Notice of Commencement

This notice contains the legal description of the property and the names and addresses of the owner, contractor and surety. The work described in the notice must be done within 90 days of the date the notice is recorded. If the notice is properly recorded, all liens against the property date back to the date the notice was recorded, thereby making all construction liens equal in priority. If the notice was not properly recorded, liens will be given priority in the order in which they were recorded.

Notice to Owner

Subcontractors and suppliers, except those who have contracted directly with the owner, must serve a “Notice to Owner” and all parties listed in the Notice of Commencement. This notice must be served within 45 days of the date the materials and labor for the project were first provided but before the owner makes payment in full. In the absence of a Notice of Commencement, subcontractors and material men may serve the parties listed in the building permit application.

Claim of Lien

A “Claim of Lien” puts the owner on notice that there is a lien against the property. This form must contain the lienor’s name and address, the owner’s name, the description of the property, the dates the lienor began and ended the work and the lien amount. This amount may not include lost profits and damages caused by owner’s failure to pay. Lien claims must be recorded in the county of the real property within 90 days after the work is completed.

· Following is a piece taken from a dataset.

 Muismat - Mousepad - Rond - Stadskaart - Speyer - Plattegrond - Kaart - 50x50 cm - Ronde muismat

Lien Foreclosure Complaint

To execute upon a construction lien, the lienor must file a lien foreclosure complaint against the owner within one year from the date the Claim of Lien was recorded. This statute of limitations is shortened if the owner files a complaint requesting the court to order the lienor to explain within 20 days why the lien should not be enforced. The lienor usually complies with the court’s order by filing the lien foreclosure complaint. The owner can also file a “Notice to Contest” the lien. Doing so will automatically extinguish the lien if the lienor fails to file a lien foreclosure complaint within 60 days from service of the notice of contest.

Fraudulent Lien

A fraudulent lien cannot be enforced. The owner may claim that lien is fraudulent because the lienor:

  • Willfully or was grossly negligent in exaggerating the lien amount;
  • Included a claim for work that was not performed; or
  • Admitted that he did not perform the work or the lien was against non-lienable items.

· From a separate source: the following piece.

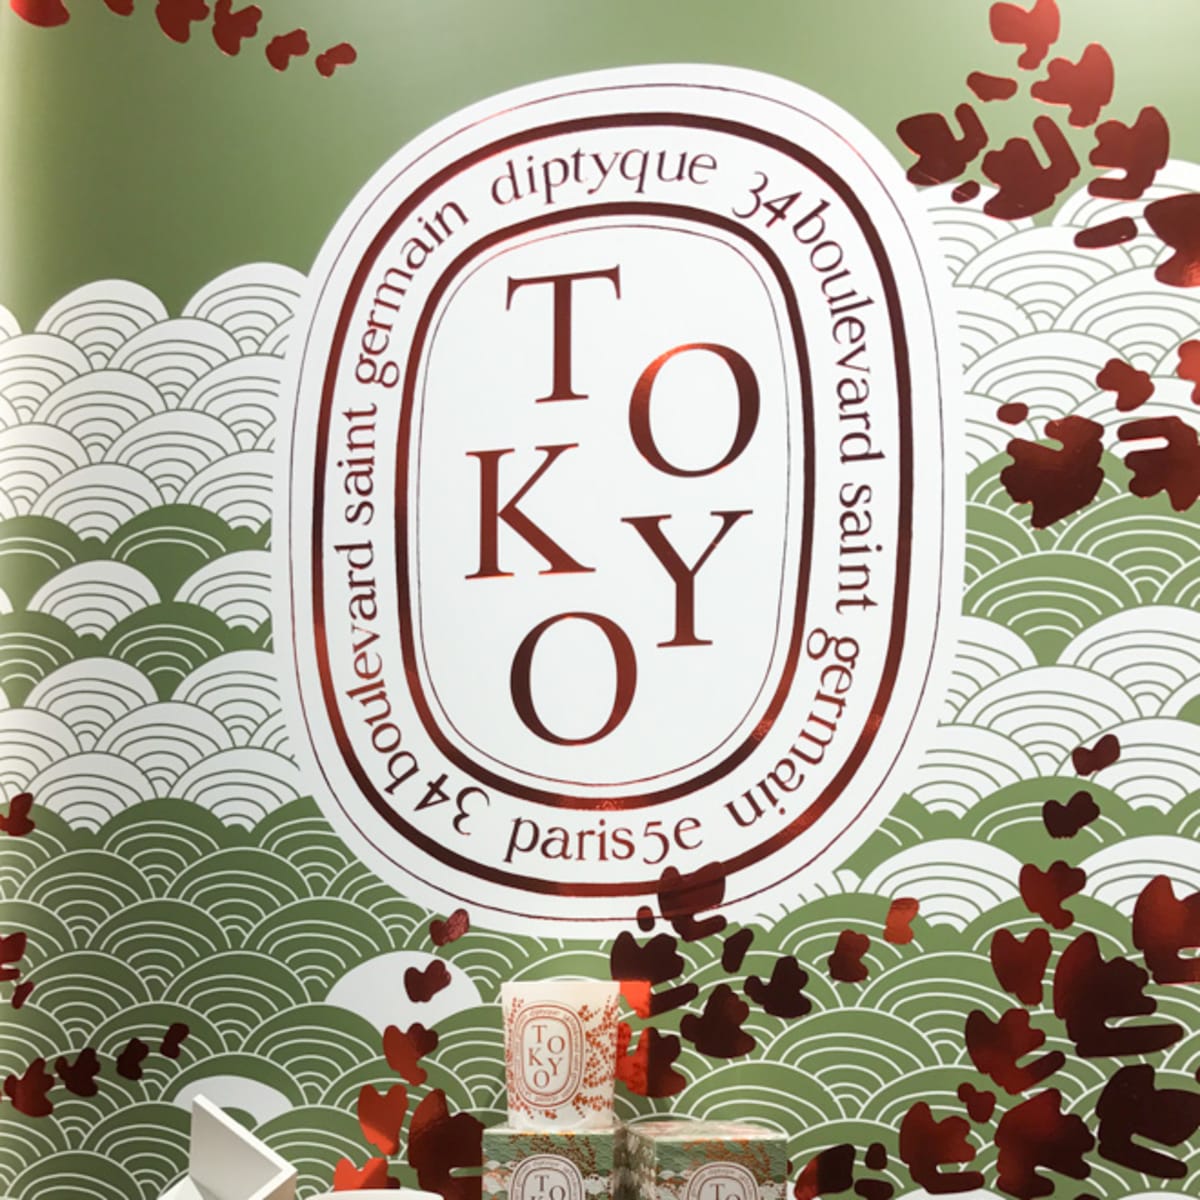 ディプティック「TOKYO」キャンドルは檜の香り 銀座店で限定販売

The fraudulent lien defense usually comes up when the owner disputes the completion of work. The defense may also arise when the lien amount is based on a dubious method of compensation or where the lien amount includes charges that were not permitted by the contract or change orders. A fraudulent lien may also entitle the owner to compensation from the lienor. Such compensation includes attorney’s fees, bond costs to discharge the lien, court costs and punitive damages equaling not more than the difference between the lien amount and the amount actually owed.

* The Clerk of Court in each county in Florida maintains that county’s property records. However, some counties have a separate “County Recorder” office. Lienors should make sure that their instruments are filed in the correct location.